We've said multiple times now that power or sample size,

and we've really focused on computing sample size for desired power.

Can only be calculated for a specific alternative hypothesis.

So when comparing two groups this means or

entails estimating the true population means of the two

groups being prepared or the proportions if it's a

binary outcome or incidence rates if it's timed event

for each of the groups.

This difference is frequently called the minimum detectable differences,

and often you'll also see it referred in the

literature and in some software packages, some of the

free online sample size calculators, as the effect size.

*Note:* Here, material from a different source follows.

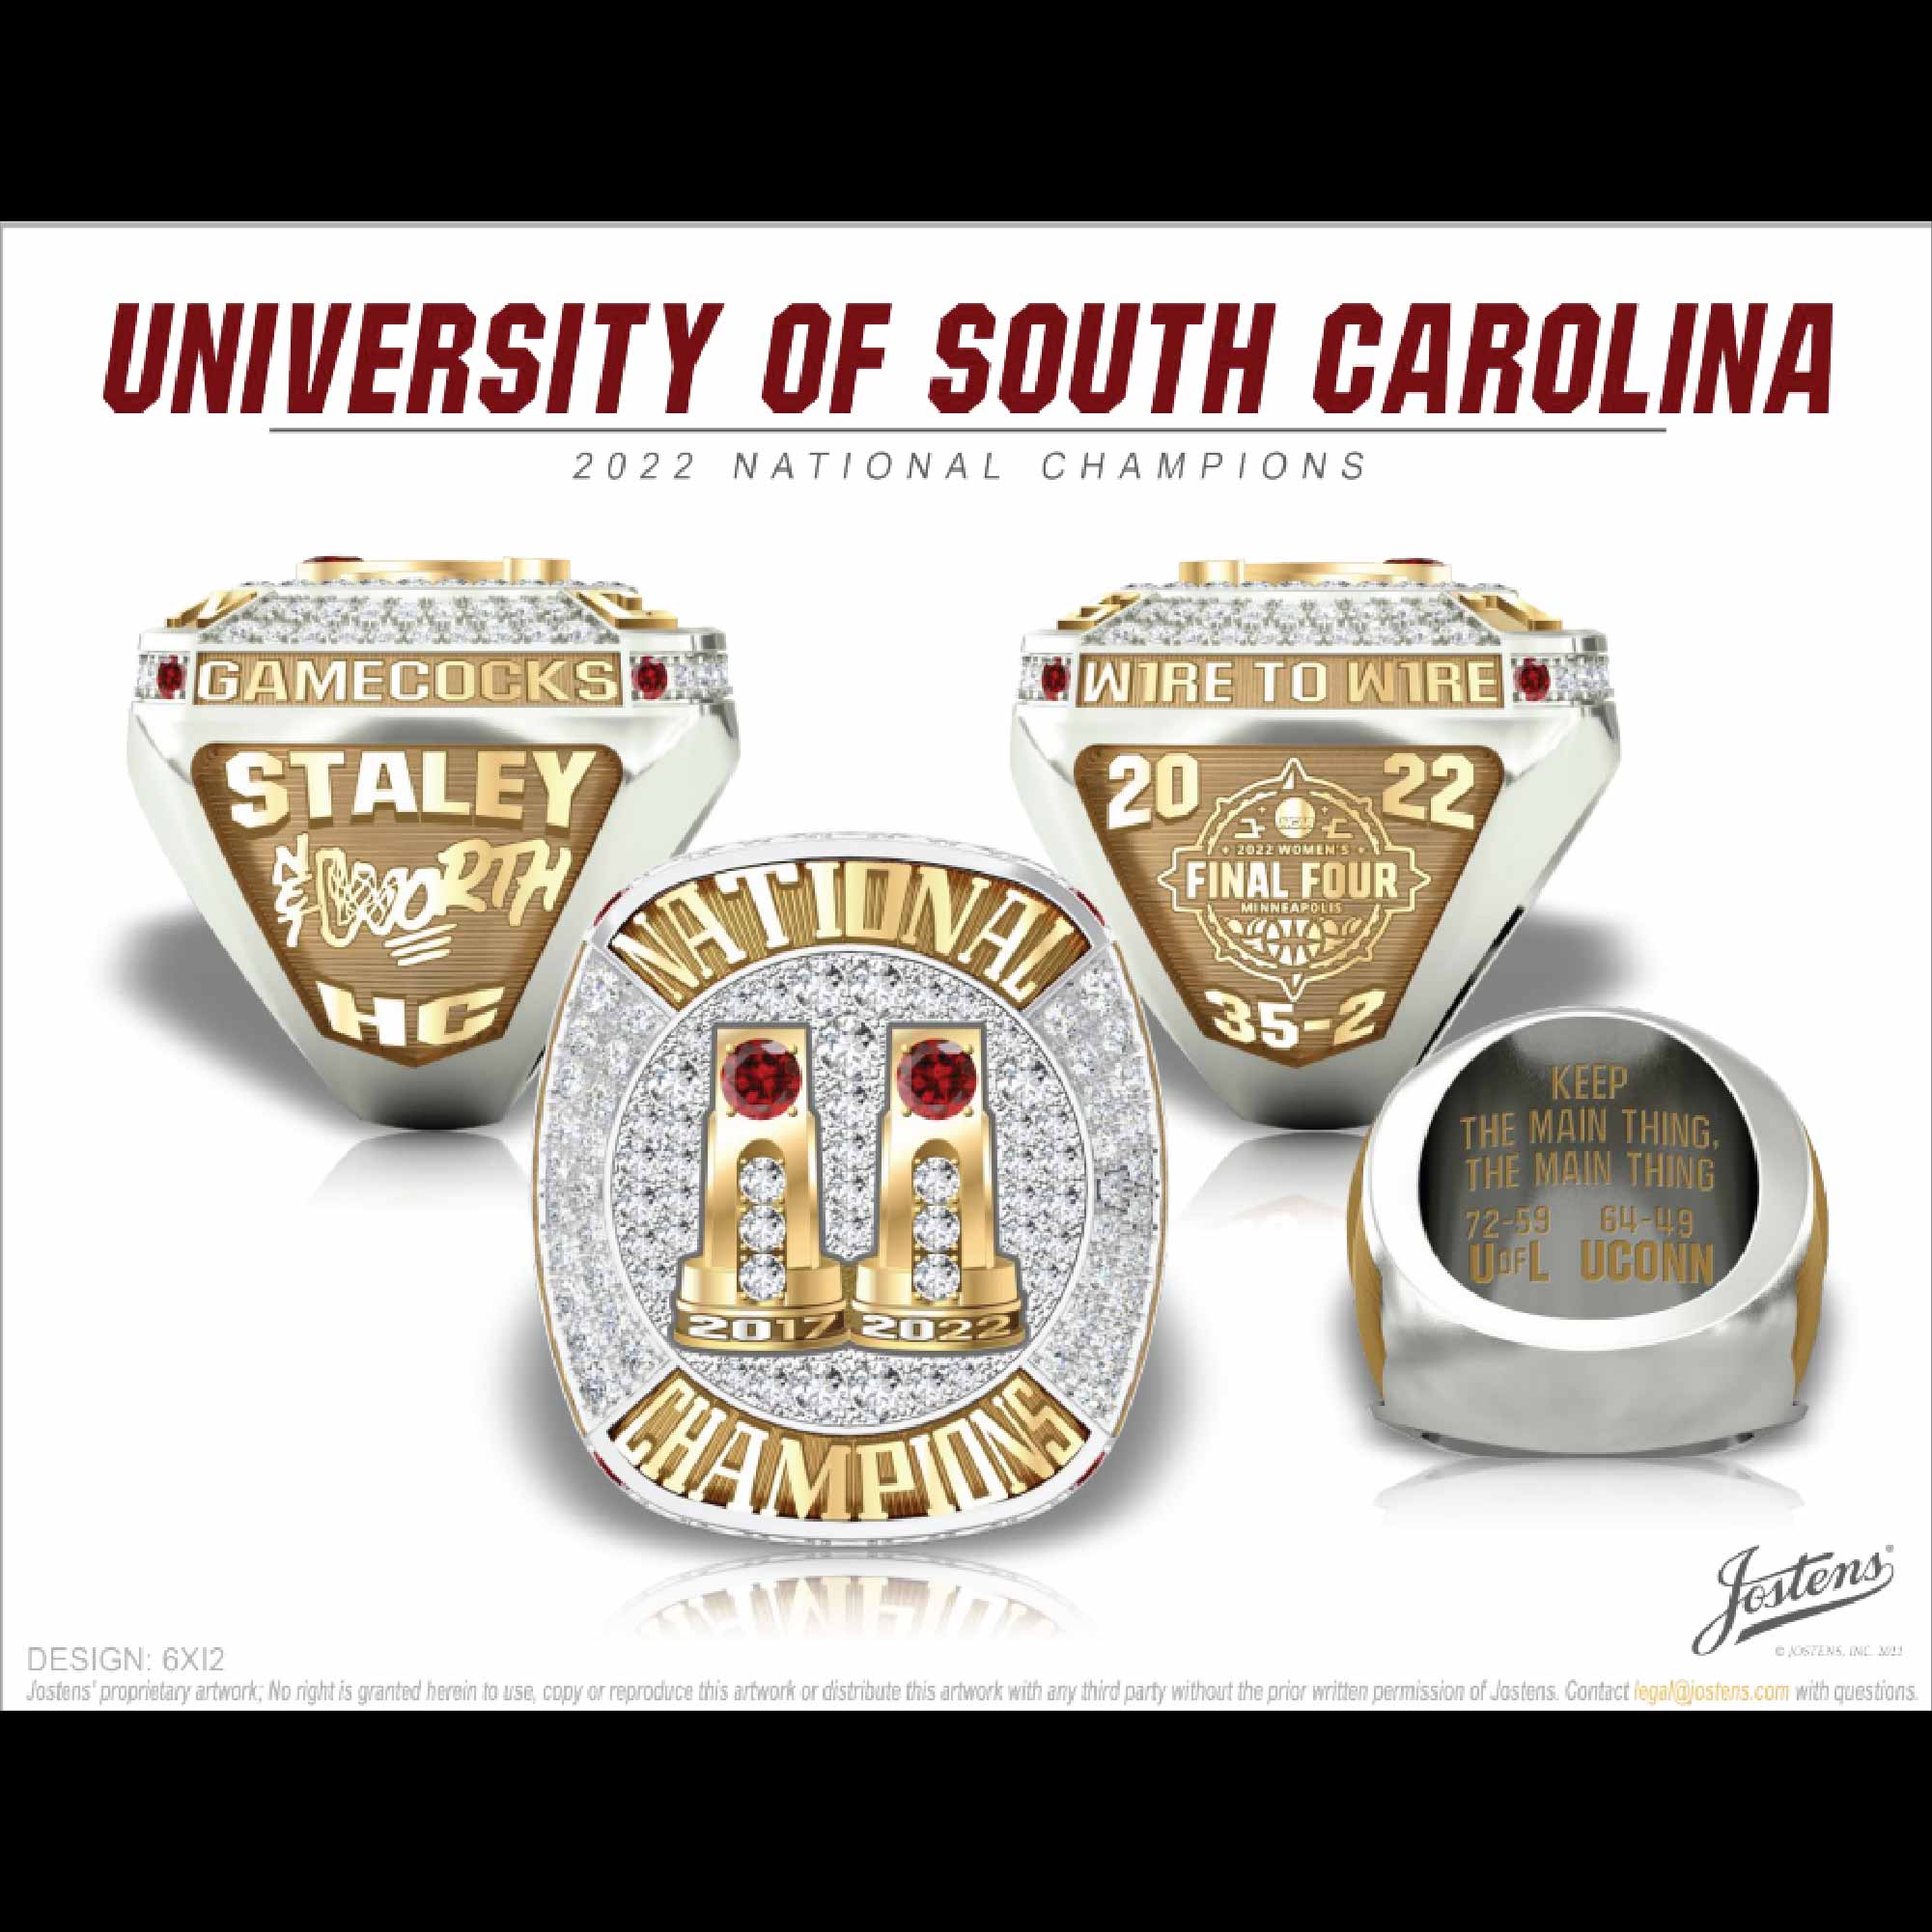 University of South Carolina Women's Basketball 2022 National Championship Ring

And it refers to the minimum detectable difference of scientific interest.

And again we've discussed how when doing research and

looking for differences, there are differences that could exist

at the population level, but are too small for

them to be clinically relevant, and so we don't

want to put our resources into studies that are powered

to find small but non- substantive differences of interest.

So the minimal detectable interest really gets us started with how far the

groups would have to differ for the

results to be scientifically or clinically useful.

So where does this specific alternative hypothesis come from?

Well hopefully not the statistician and I say

that becuase I've been asked to help with sample

size computations before and the expectation is that

I would come up with the minimal detectable difference.

And I can't do that not being an expert in the particular science, scientific area.

I can help talk somebody through some options for getting a

minimal detectable difference, but I can't just come up with one on

my own as a statistician.

So as this is generally a quantity of scientific

interest, it is best estimated by knowla, knowledgeable researcher.

Or even better if there's some pilot study data.

And this is perhaps the difficult

component of sample sized calculations is that

there's no magic rule or industry standard and involves a lot of educated guesswork.

One last thing I want to note is that all the computations

we did, I did not address the issue of potential follow up.

So the estimates I showed you, given by

the software do not account for potential dropout,

or loss to follow up, or non participation by those elected to be part of the study.

So, frequently, what researchers will do is add a buffer of 5 to

10% the necessary sample sizes to achieve a desired level of power to allow

for some dropout or non participation.

So, we can go back and make over the resulsts I gave for each of

the scenarios and a final request for sample

size would be those numbers with 10% added.

To actually account for potential follow up.